# Dipsey line



## fishforfun (Apr 9, 2005)

What line do most run braid or mono ? I have power pro 30 on two rods. Thinking of putting 25 lb big game on the other two. So I can use the depth chart on the package. I just started trolling with them in the centra basin . Plus still trying to get them adjusted to release. So does the fish usually trip them or do you have too? I am using number 1 dipsey with harnesses I make. I go out of Geneva sometimes conny. So so long winded.


----------



## Toad13 (Aug 8, 2014)

We run braid. No stretch helps trip the dipsy. Most of the time if set right the fish should trip them. Sometimes with a small fish they won't


----------



## marcbodi (Apr 12, 2004)

fishforfun said:


> What line do most run braid or mono ? I have power pro 30 on two rods. Thinking of putting 25 lb big game on the other two. So I can use the depth chart on the package. I just started trolling with them in the centra basin . Plus still trying to get them adjusted to release. So does the fish usually trip them or do you have too? I am using number 1 dipsey with harnesses I make. I go out of Geneva sometimes conny. So so long winded.


Run 30 lb braid.set for fish to trip.If not tripped you can tell if fish is on with braid than Mono.(Trick is too really pay attention to your rods and really be able to read them.)


----------



## marcbodi (Apr 12, 2004)

marcbodi said:


> Run 30 lb braid.set for fish to trip.If not tripped you can tell if fish is on with braid than Mono.(Trick is too really pay attention to your rods and really be able to read them.)
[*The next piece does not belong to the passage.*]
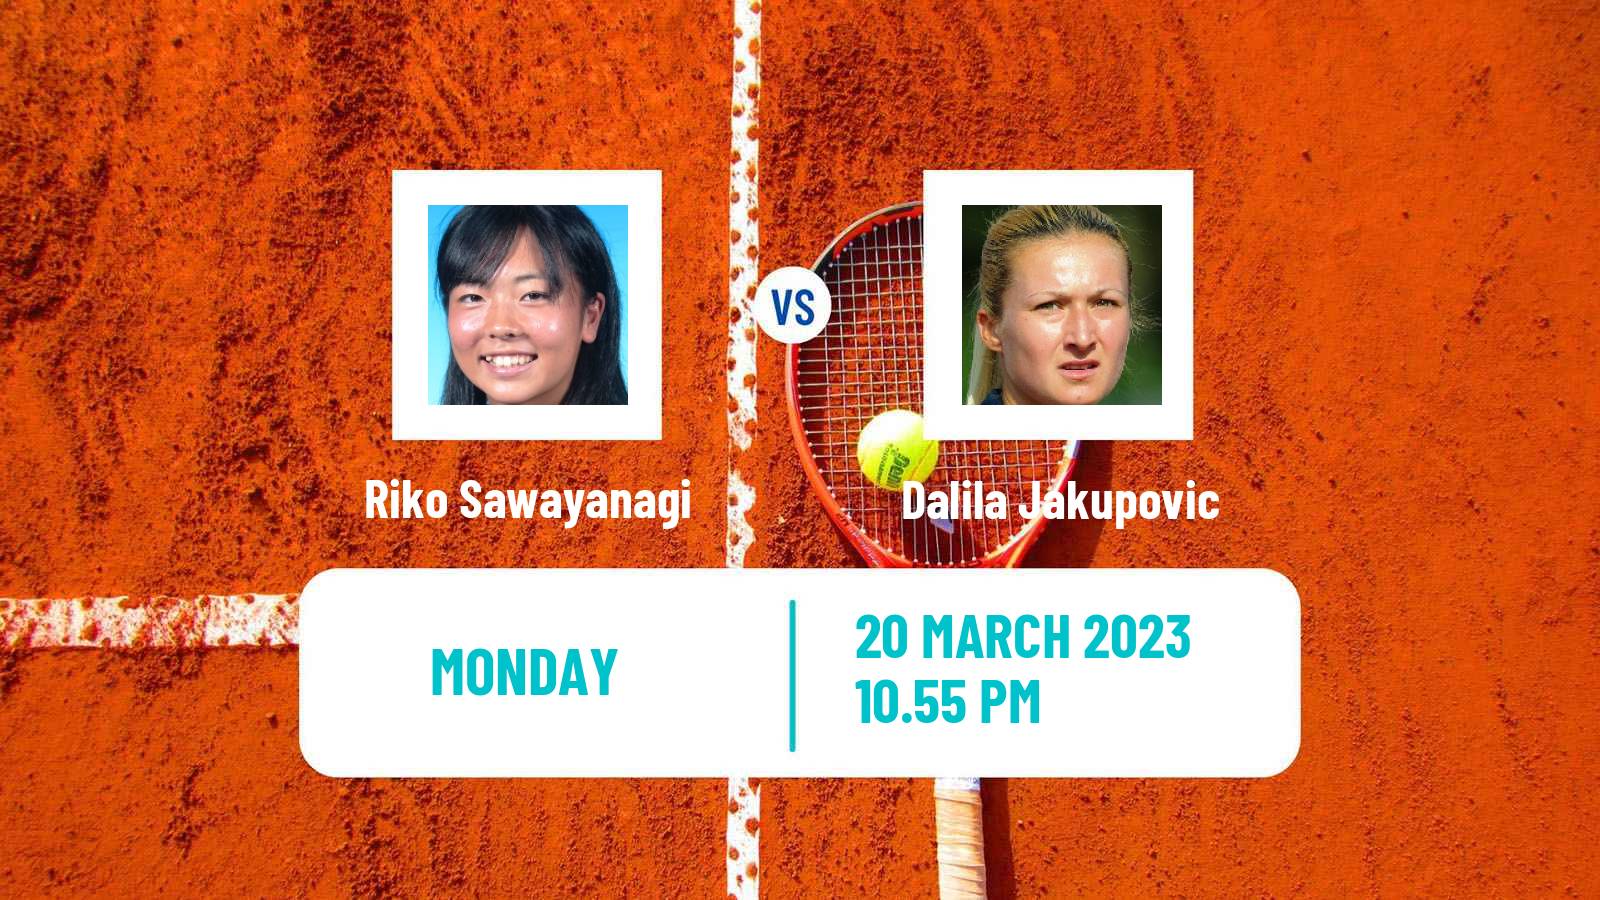 Tennis ITF Tournaments Riko Sawayanagi - Dalila Jakupovic

All rods should be set the same with line and reading on the counter.I have 4 and 1 took one and set it up to read 150 ft out.Checked length of line with a Shakespere line counter and made all 4 rods the same.Have been fishing and a guy is killing them at 150 ft out and I don,t get anything at 150 ft out .Check his with a Shakespere counter and it reads 140 out,Set mine at 140 and fish on.Depth and speed are Crucial however with the speed in the boat for everyone you are down to the same depth for everyone.This method as worked for me and knowing that all rods are the same gives me complete confidence,


----------



## sherman51 (Apr 12, 2011)

you are better off to run braid for divers as mono has so much stretch its hard to get the diver to trip with mono. most use a mono backing then 30# braid for there main line. the mono backing keep the braid from slipping on the spool. its best to use the same brand and size reels for running divers. as one brands counter might not match another brand or size.
sherman


----------



## fishforfun (Apr 9, 2005)

Thanks all


----------



## tomb (Oct 9, 2004)

Don't expect all the little fish swimming around now to trip the dipsy. Your going to have to really pay attention for those.


----------